Another significant technology found in these appliances is Application Control. This feature enables administrators to monitor and regulate the applications and services used within their networks, ensuring that bandwidth is allocated efficiently, and potentially harmful applications are blocked. Coupled with Content Filtering, SonicWALL offers granular policies to restrict access to inappropriate or non-work-related content, enhancing overall productivity while maintaining security.

SonicWALL appliances also utilize advanced cybersecurity technologies like SonicWall Capture Threat Assessment and Capture Advanced Threat Protection. These solutions leverage artificial intelligence to identify and remove sophisticated malware and ransomware threats before they infiltrate the network. This proactive approach ensures that only safe email and web traffic is allowed through, providing comprehensive protection against advanced persistent threats.

Moreover, SonicWALL’s Global Management System (GMS) enables centralized control over multiple security devices, making it easy for IT teams to maintain a consistent security posture across various locations. This capability is especially beneficial for organizations with distributed networks, as it provides real-time visibility into network activity and security incidents.

The appliances are also designed with scalability in mind. Whether an organization grows or needs to adjust its security policies, SonicWALL appliances can be updated, expanded, or modified without significant disruptions.

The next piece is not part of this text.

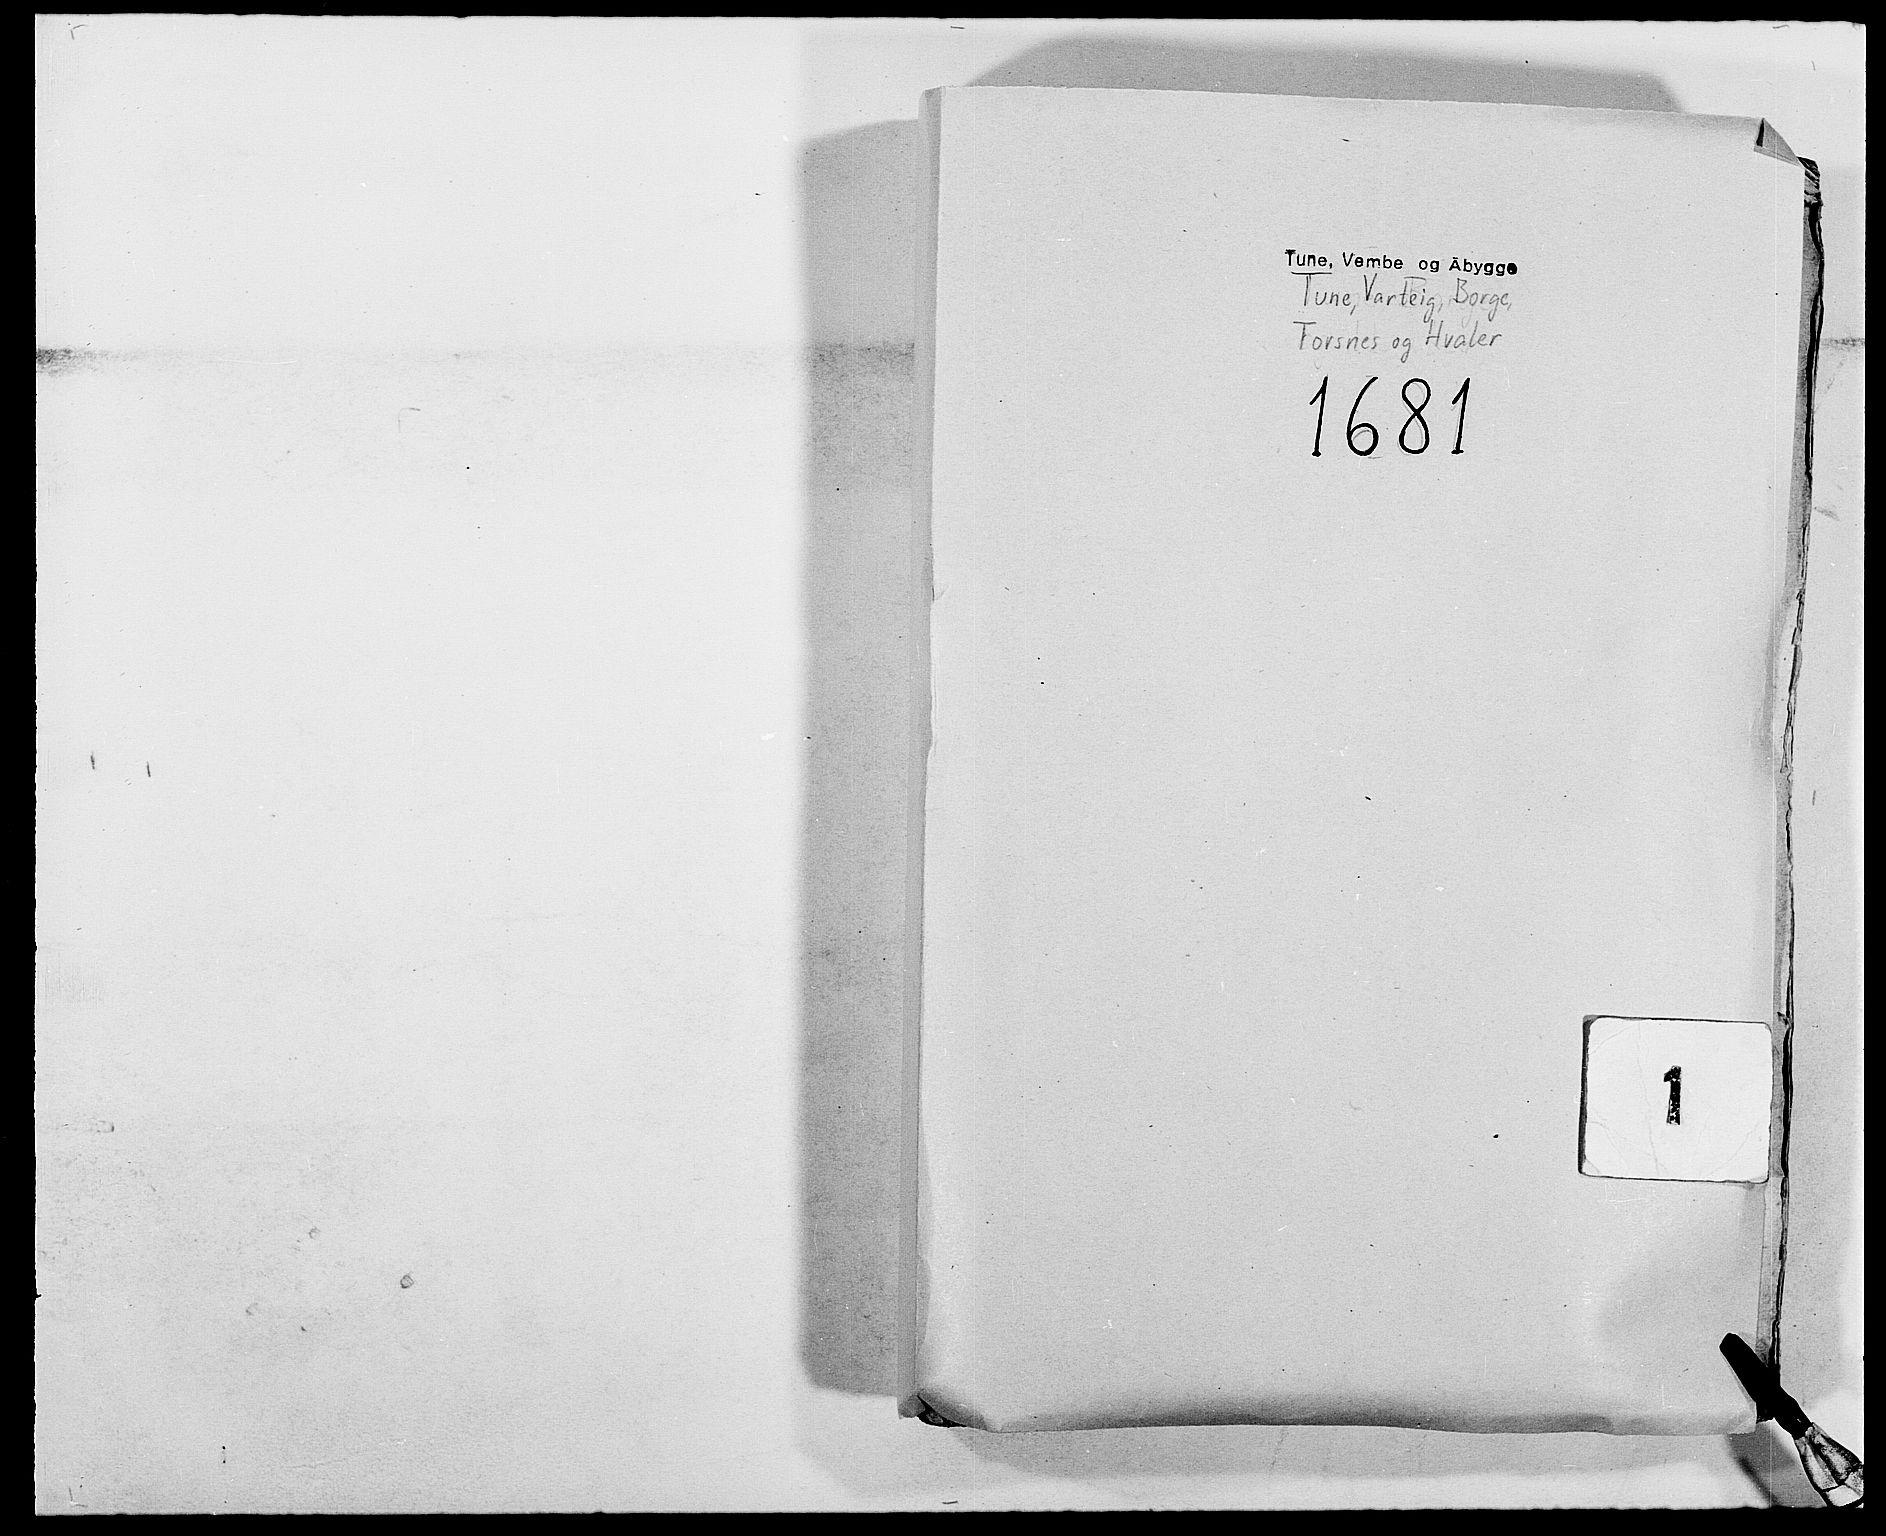 RA, Rentekammeret inntil 1814, Reviderte regnskaper, Fogderegnskap, R03/L0114: Fogderegnskap Onsøy, Tune, Veme og Åbygge fogderi, 1678-1683, s. 1

This flexibility makes them a long-term investment for any business focused on network security.

In addition, SonicWALL's user-friendly interface simplifies the deployment and management processes. With intuitive dashboards and reporting tools, administrators can easily track security events, analyze network traffic patterns, and respond swiftly to potential threats.

In summary, SonicWALL Internet Security Appliances combine essential features like Unified Threat Management, Application Control, and advanced threat protection technologies into a cohesive security solution. Their scalability, centralized management capabilities, and user-friendly interfaces make them an excellent choice for businesses aiming to strengthen their cyber defenses in a complex digital landscape.